EXERCISE REQUIREMENTS:
With pictures omitted, the line containing "Shifting Sand" and all later lines of the records below are to be restated word for word.

Records drawn from a dataset:
^^^^^^^^^^^^^^^^

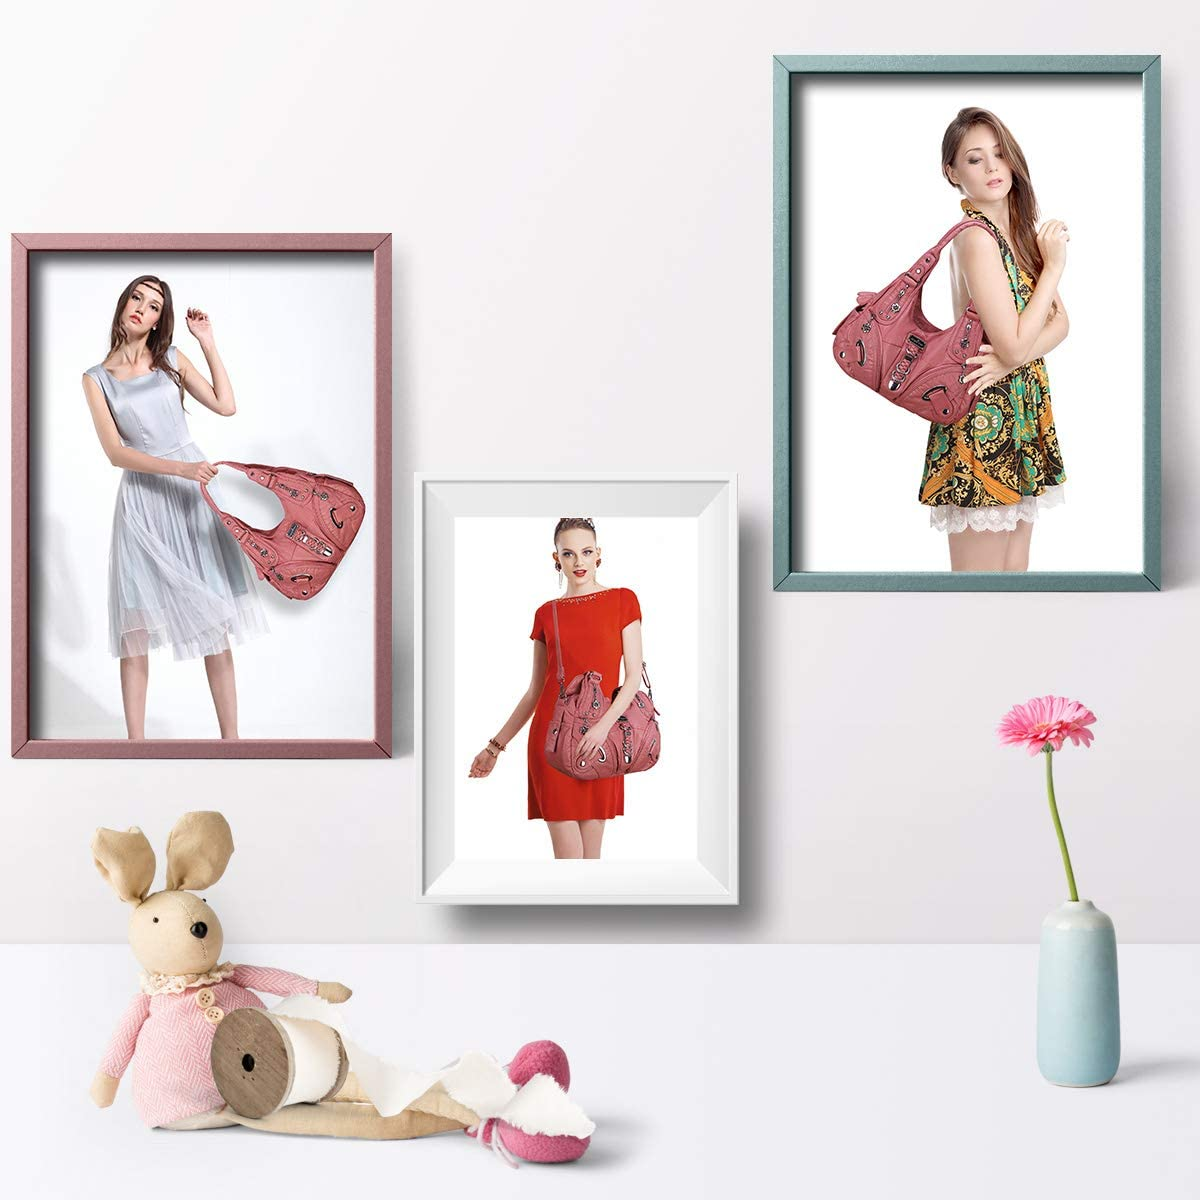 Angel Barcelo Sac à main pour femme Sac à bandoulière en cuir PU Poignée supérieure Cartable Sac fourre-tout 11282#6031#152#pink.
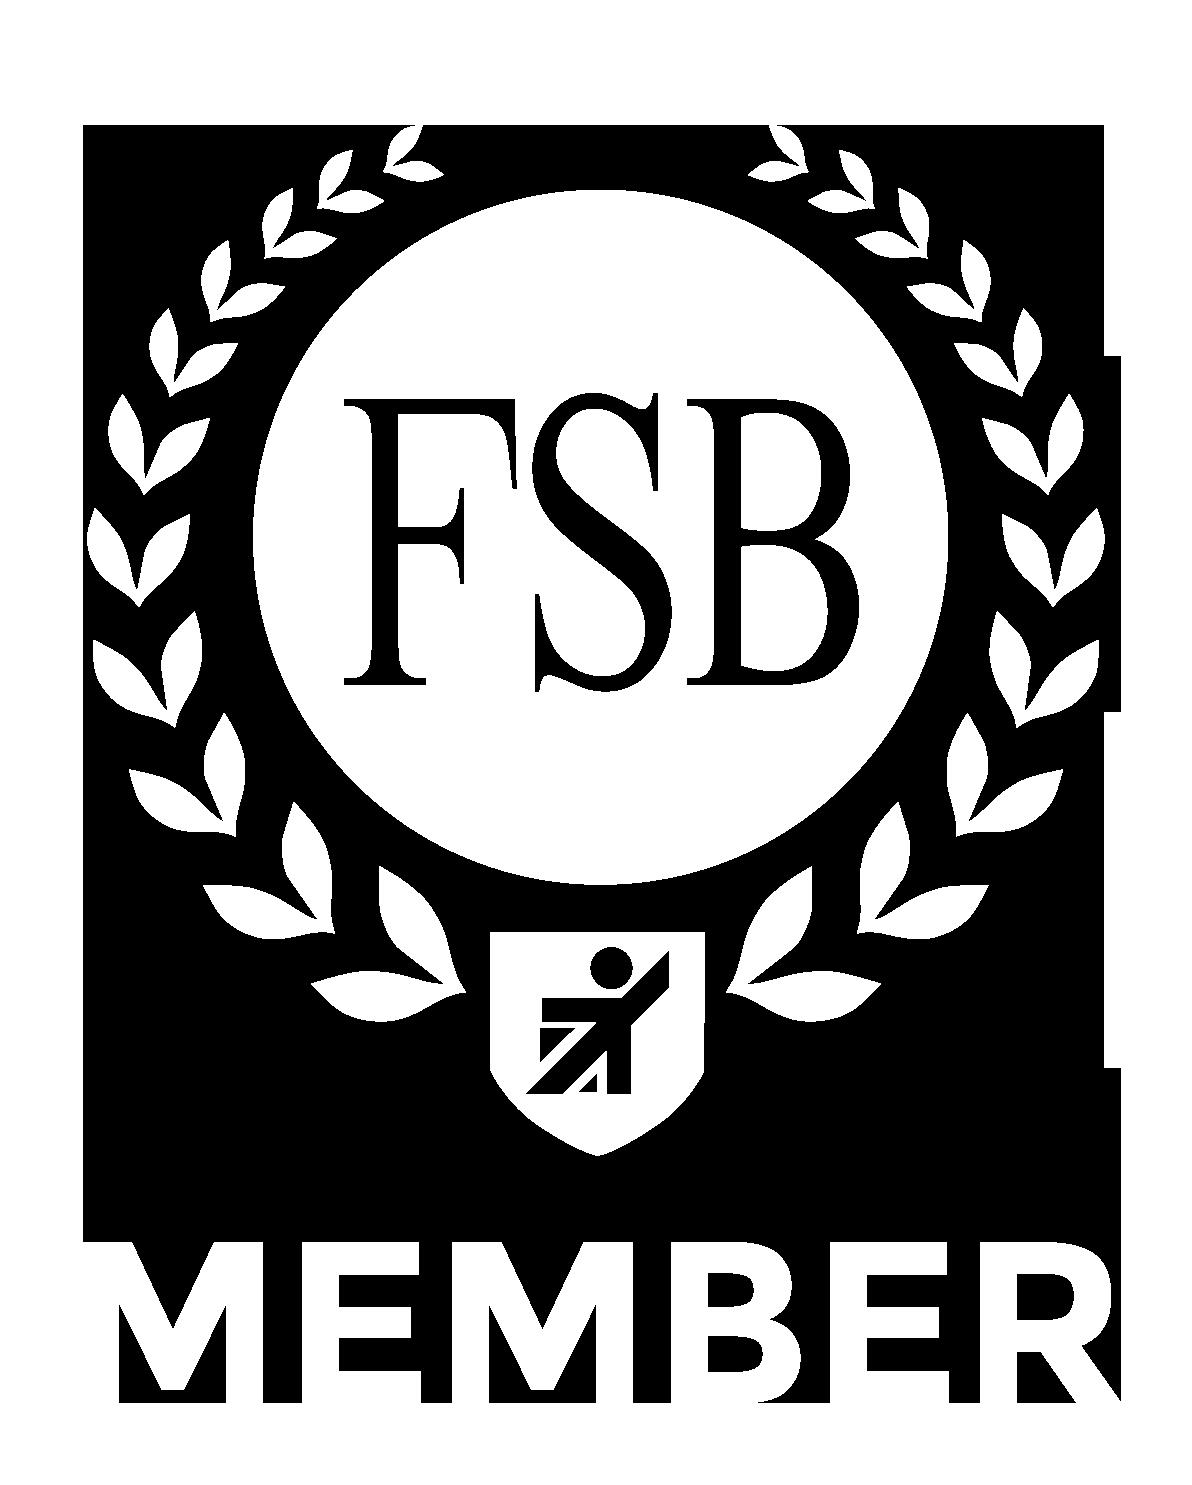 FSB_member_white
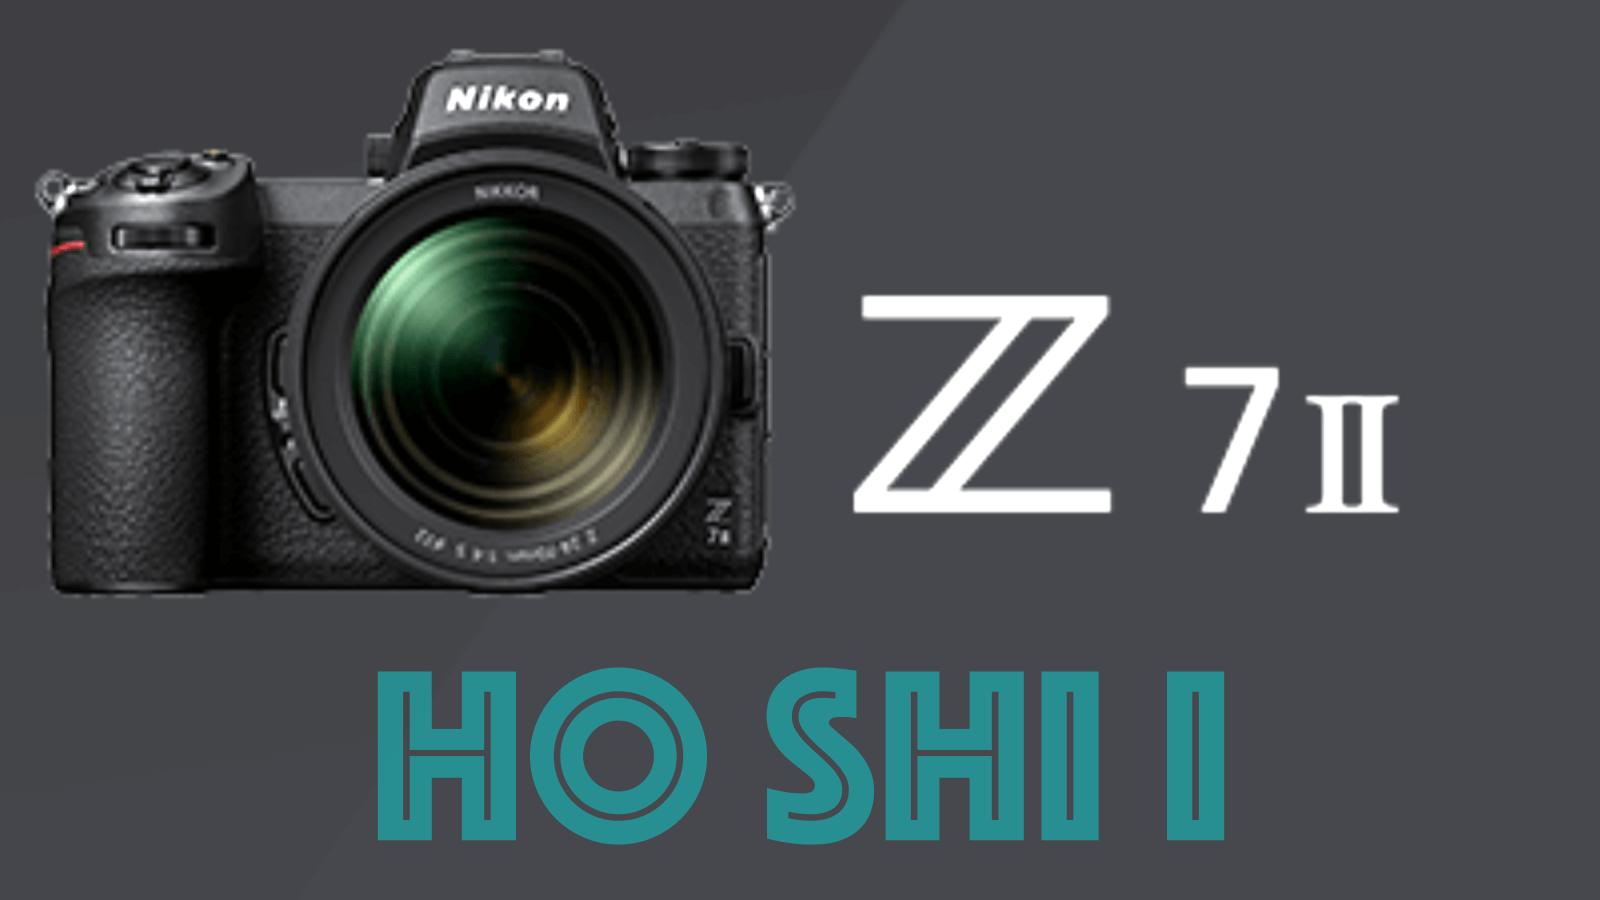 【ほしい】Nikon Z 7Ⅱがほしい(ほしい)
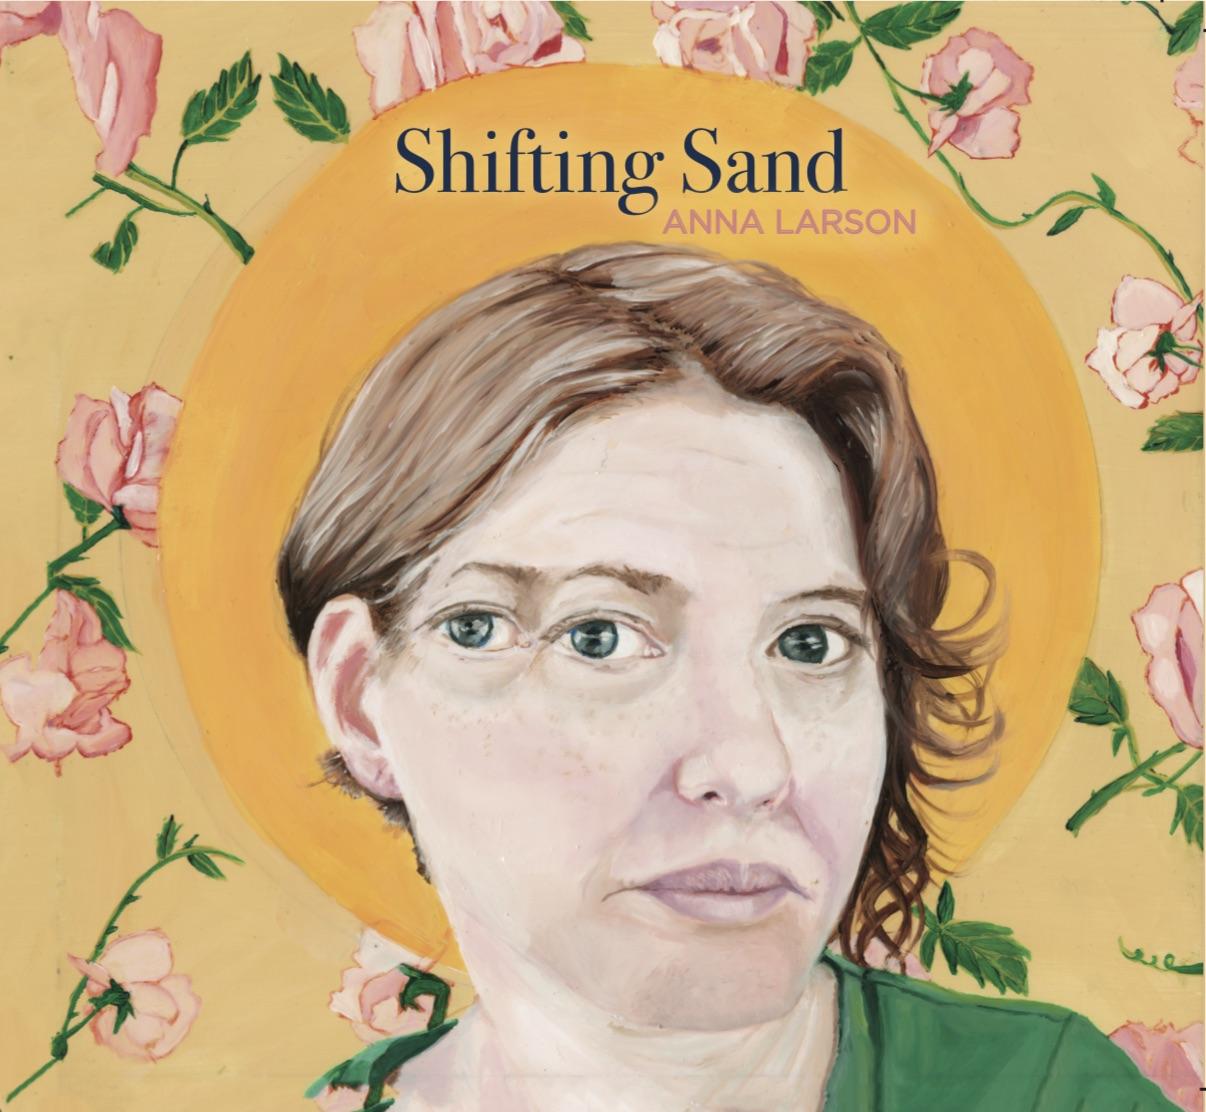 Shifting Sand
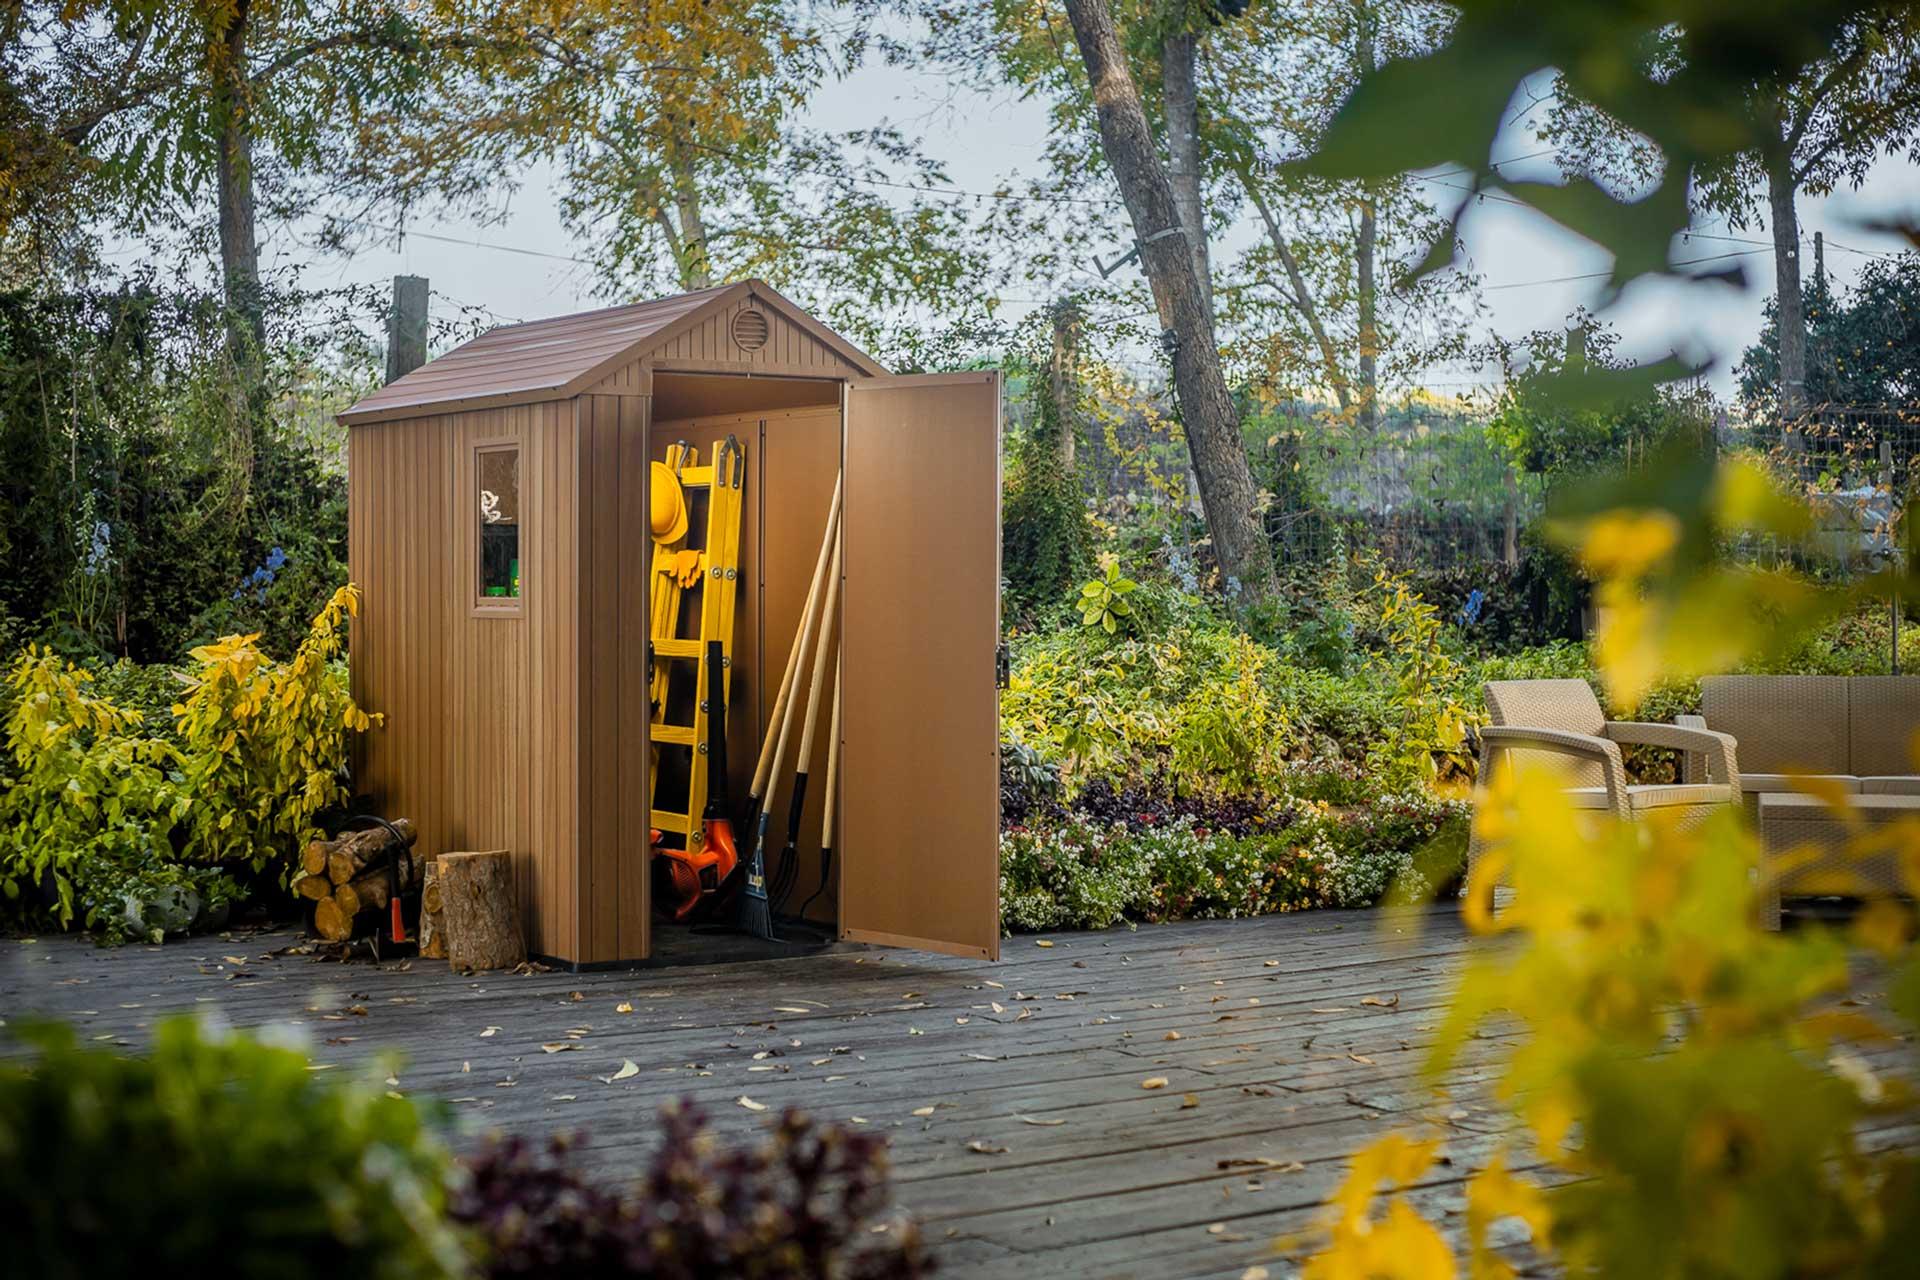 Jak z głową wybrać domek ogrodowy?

^^^^^^^^^^^^^^^^

WRITTEN REPLY:
 Shifting Sand
 Jak z głową wybrać domek ogrodowy?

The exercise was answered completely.